Possibly had the young lady been alone, and not actively engaged, she might have had a more definite view of the phantasm of her absent friend, for experience has shown that solitude and quiet are favoring conditions for the perception of telepathic apparitions. In nearly every instance reported to the Society for Psychical Research the percipient of the phantasm is alone and in a more or less passive, quiescent frame of mind. Such a condition usually obtains immediately before or immediately after sleep, and it is then that experimental apparitions are seen most plainly. Though occasionally they are vividly experienced when the percipient is in a state of the most active consciousness, as in the following case, reported by the agent—that is, the person sending the telepathic message—and confirmed by the percipient, an English clergyman now dead, the Reverend W. Stainton Moses.

“One evening,” runs the agent’s account, “I resolved to try to appear to Z., at some miles distance. I did not inform him beforehand of the intended experiment; but retired to rest shortly before midnight with thoughts intently fixed on Z., with whose rooms and surroundings, however, I was quite unacquainted. I soon fell asleep, and awoke next morning unconscious of anything having taken place. On seeing Z. a few days afterward, I inquired:

“‘Did anything happen at your rooms on Saturday night?’

“‘Yes,’ replied he, ‘a great deal happened. I had been sitting over the fire with M., smoking and chatting. About twelve-thirty he rose to leave, and I let him out myself. I returned to the fire to finish my pipe, when I saw you sitting in the chair just vacated by him.

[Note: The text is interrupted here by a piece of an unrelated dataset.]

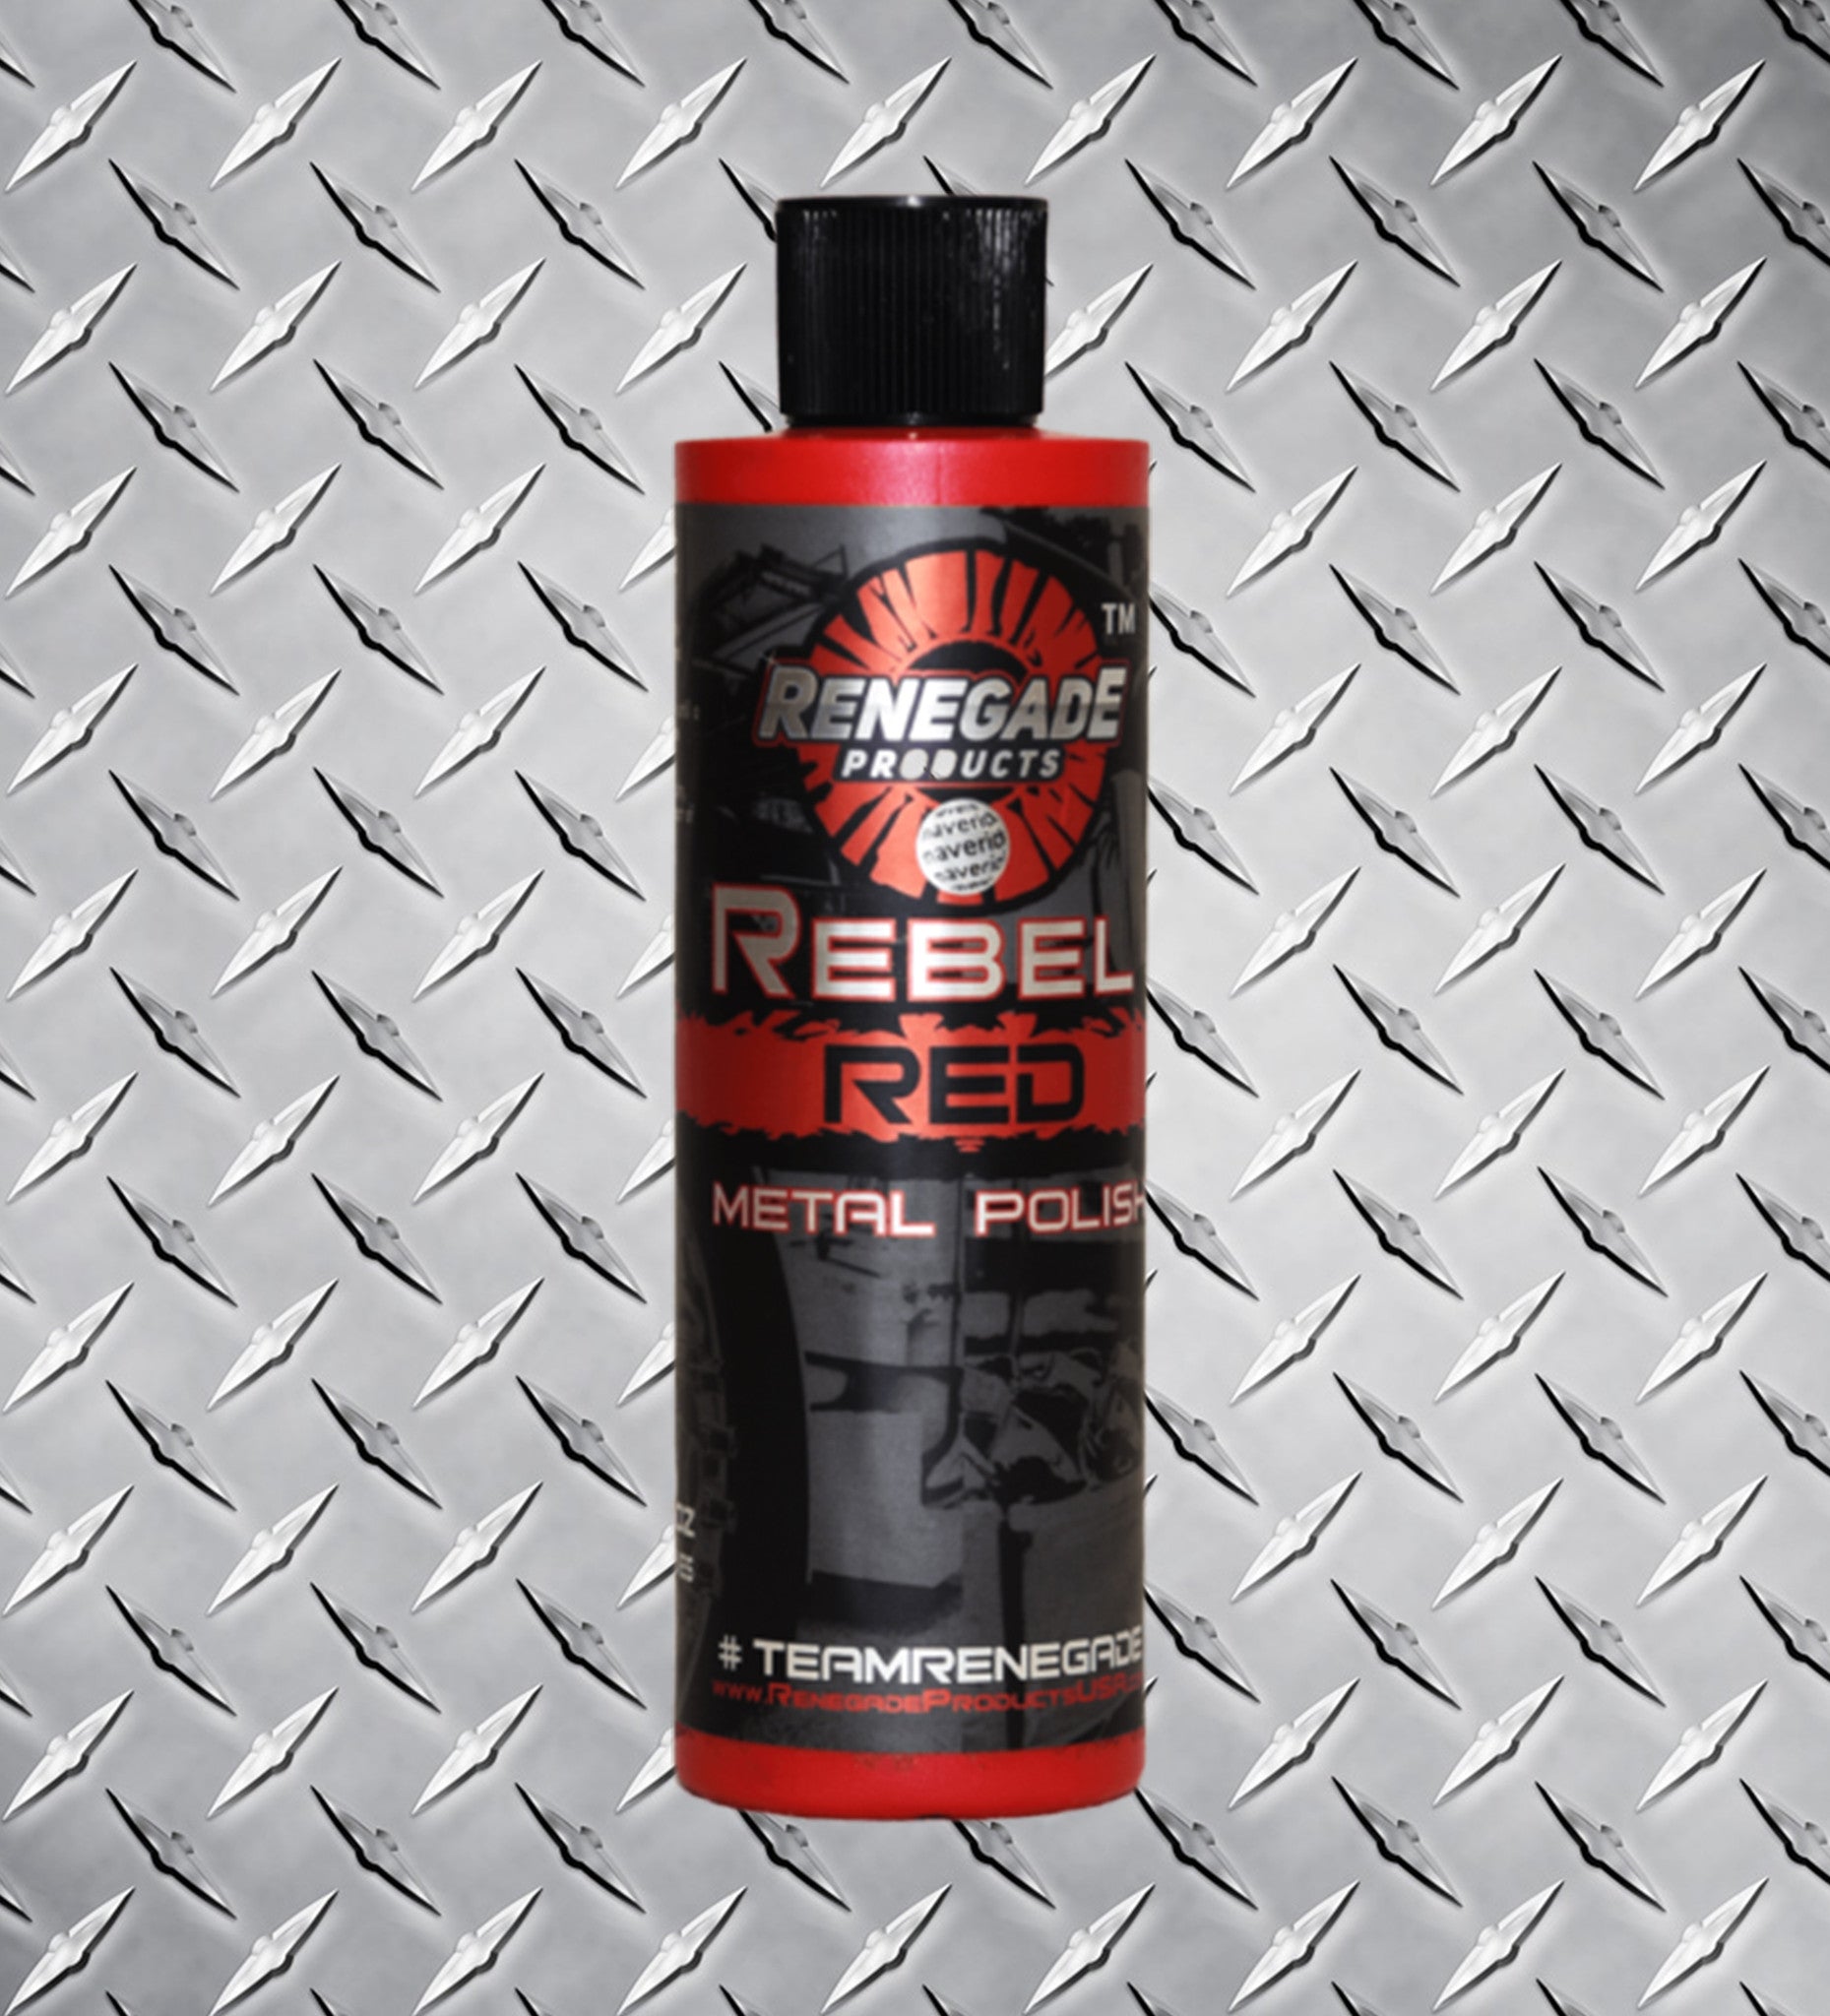 Rebel Red Metal Polish 12 oz bottle

“‘I looked intently at you, and then took up a newspaper to assure myself I was not dreaming, but on laying it down I saw you still there. While I gazed without speaking, you faded away.’”

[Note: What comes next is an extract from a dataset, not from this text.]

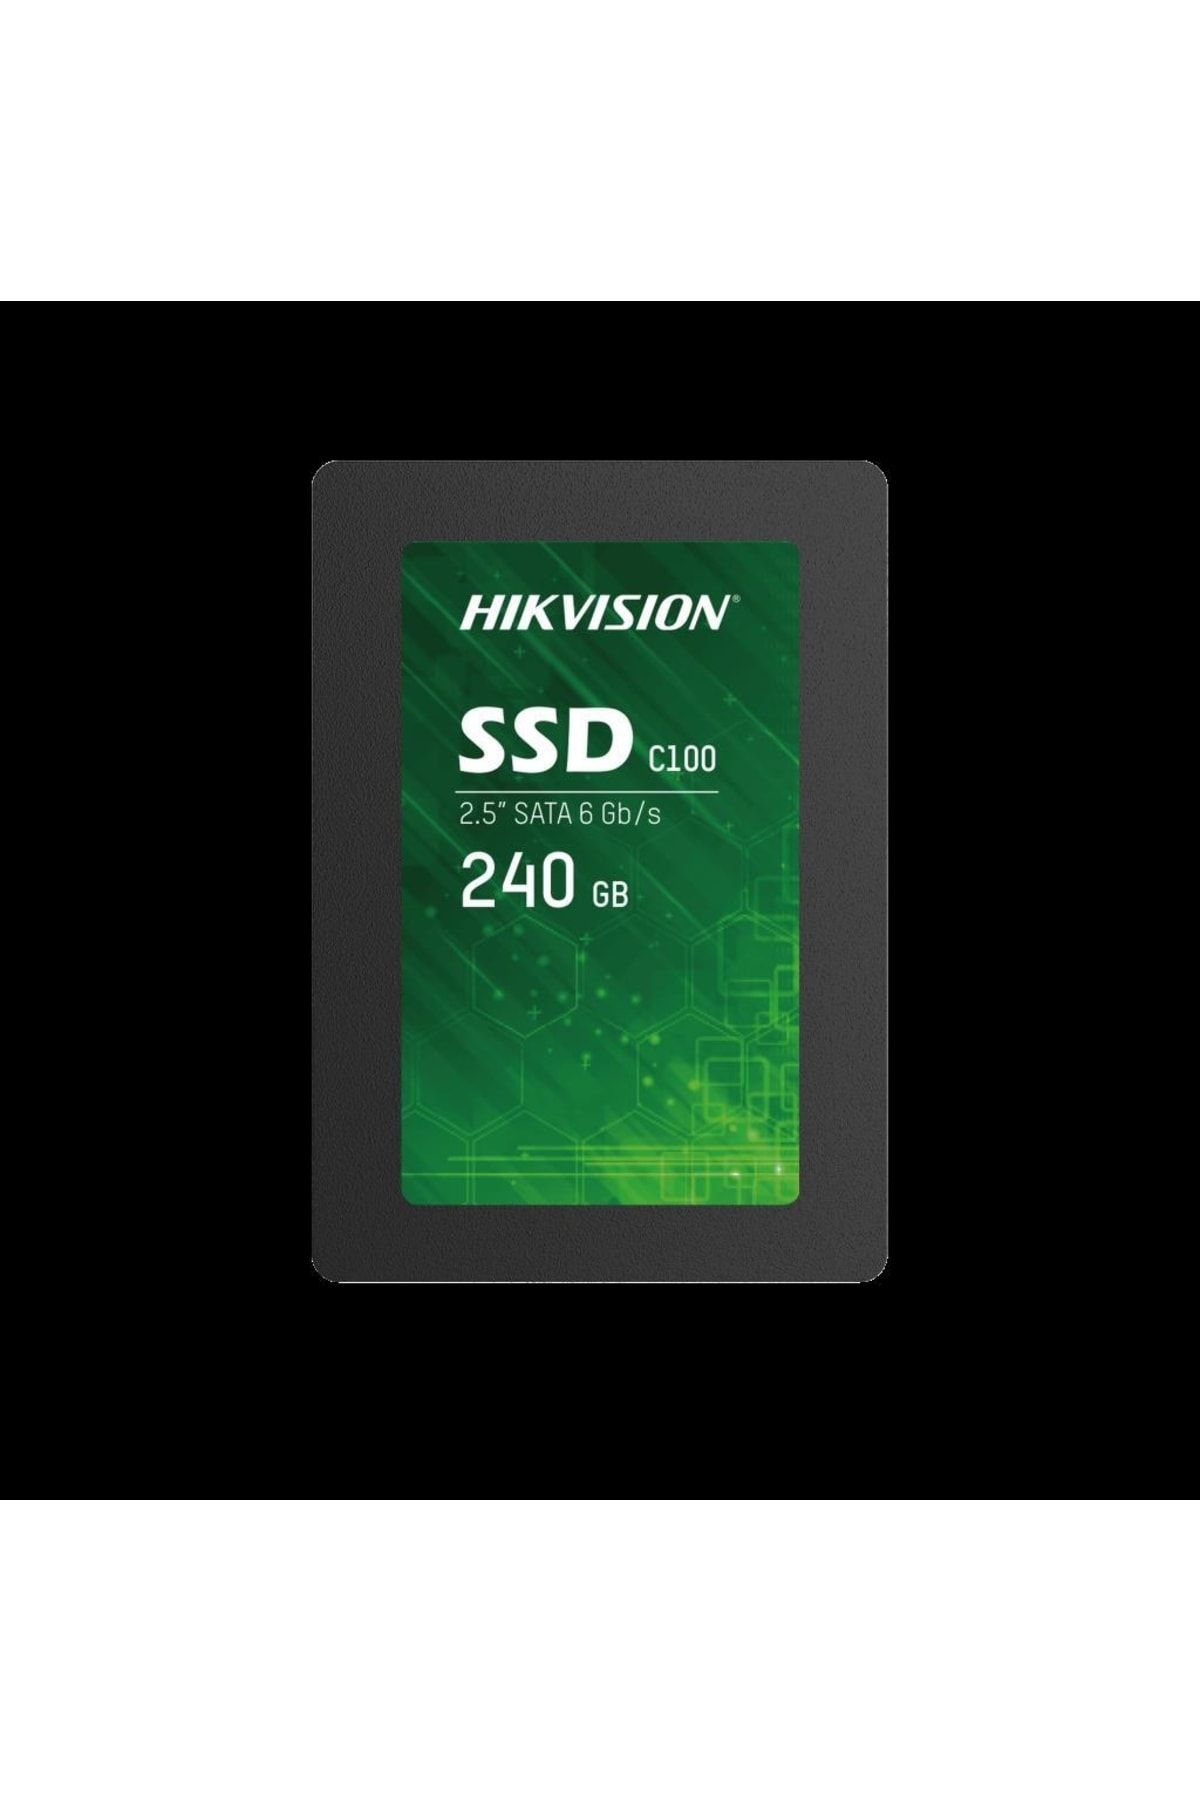 Hikvision 240gb Ssd Disk Sata 3 Hs-ssd-c100-240g 550mb-450mb Harddisk

Of course in the case of all single experiments like these,[10] the skeptically inclined might plausibly fall back on the theory of chance coincidence. But it is impossible seriously to entertain this hypothesis in cases where experiments in the telepathic transmission of ideas have been carried on repeatedly and with an astonishing measure of success.

To mention only the most notable experiments of this systematic kind, I would call attention to the results obtained by two sets of English investigators, the first comprising two ladies named Clarissa Miles and Hermione Ramsden, the second two gentlemen, F. R. Burt and F. L. Usher. As I see it, indeed, the Miles-Ramsden and Burt-Usher experiments have the additional interest that they not only make clear some of the fundamental laws of genuine thought transference, but also show just why it is that we can never hope to obtain such absolute control of the telepathic process as to be able to send mental messages from one to another with the same ease and certainty as we now send ordinary telegrams and marconigrams.

This inability of control has long been a stock objection against belief in telepathy, especially among the scientifically trained. “Not until we can repeat at will, and with invariable success, the experiment of direct transference of thought, will we accept telepathy as established,” say these scientific skeptics. “We know that if, in our chemical and physical laboratories, we bring such and such elements together, such and such action will always follow. We must be able to do as much with telepathy before we will accept it.” But the Miles-Ramsden and Burt-Usher experiments show that there are excellent reasons for affirming that telepathy is a fact, and that nevertheless its processes cannot be governed with the certitude possible in the case of chemical and physical processes. There are factors involved which elude, and must always elude, the directive control of the experimenter.

In the experiments by the Misses Miles and Ramsden it was arranged that, at a stated hour of a stated evening in each week, Miss Ramsden—who acted throughout as the percipient, or receiver of the telepathic messages—was to remain for a few minutes in a condition of complete passivity, and immediately afterwards was to note on a post-card whatever ideas came into her mind during that time. The post-card was then to be mailed to Miss Miles, who, for her part, was to think of Miss Ramsden at intervals during the day agreed on, and in the evening was to make a post-card entry—to be mailed to her friend forthwith—of the idea or ideas she had tried to convey to her telepathically. Thus, in the event of achieving any degree of success, they would have a perfect documentary record to substantiate their claims.

As to the distance separating them, it ranged from a few score to several hundred miles. They made, in fact, three distinct series of experiments, with about a year’s interval between each series. During the first they were at their homes, Miss Miles in London, Miss Ramsden in Buckinghamshire. During the second, Miss Ramsden was in Inverness, in northern Scotland, and Miss Miles visiting friends in various parts of England. The third series was carried on while Miss Miles was making a tour of the beautiful Ardennes region of France and Belgium, Miss Ramsden at the same time being again in the Scottish Highlands.